In a devotional I read recently, the question was posed,
"Do I take pride in a life of frenzy at the expense of my faith?"I had to stop, write that question down and have pondered it since.
my knee jerk reaction is 'well, of course. it's the american way'
but then after chewing on it, i think my answer is still yes. but for a different reason.
originally i was thinking i'm like everyone else i know---too much to do, not enough time to do it and rest.
then i thought- no, it's what i'm spending my time doing that i should be focusedon. it's not that i drive Haley to and from everyhting. She does Ballet and her grandmother takes her- so that's not it.
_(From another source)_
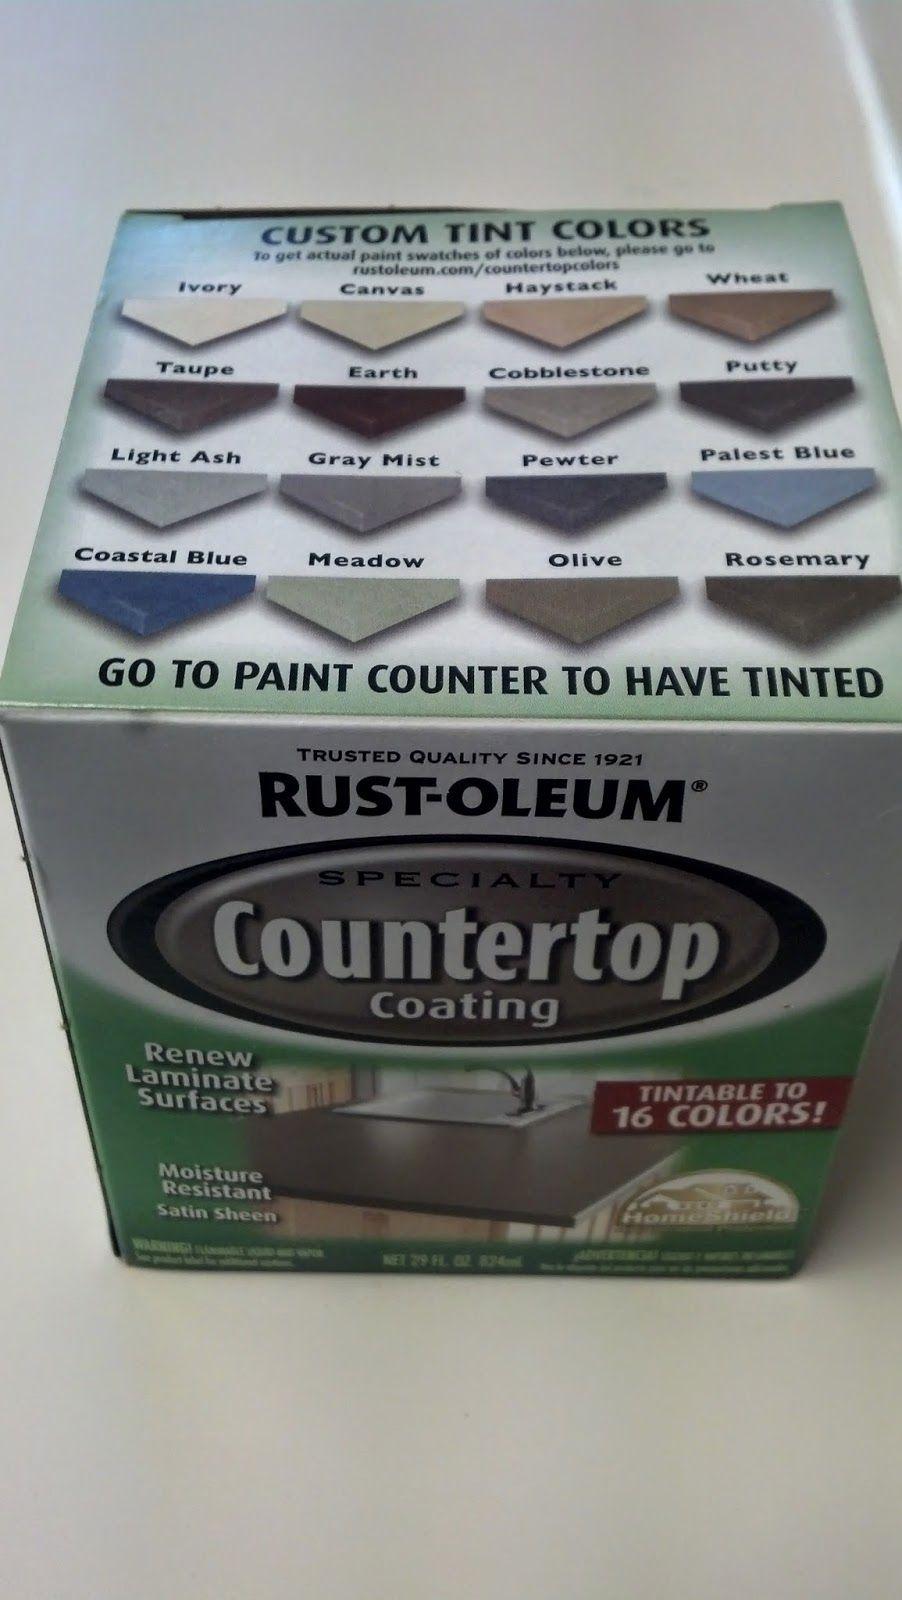 laminate kitchen countertops 13 Creative Bathroom Organization and DIY Solutions 12 Painting Bathroom CountertopsPaint Kitchen

My chief problem is my own priorities. cleaning the kitchen is THAT important to me- i like to get up in the morning and start my day with a tidy house, but esp a clean kitchen. i think i would begin twitching if it's weren't at least straightened, and no dishes in the sink.
but i've also long equated busyness with self-worth, or significance. they are not friends- my worth is not based on how much i do around the house, or how many events we are invited to/ attend.
I also know of too many 'gods' that occupy more of my mental time, than the God of all creation...TV and cleaning up has almost become my hobby- like Martha Stewart is really coming to my house...
Finally, i'm tired. no really, physically emotionally spiritually tired. If i kept my priorities in check, I would better spend my waking hours.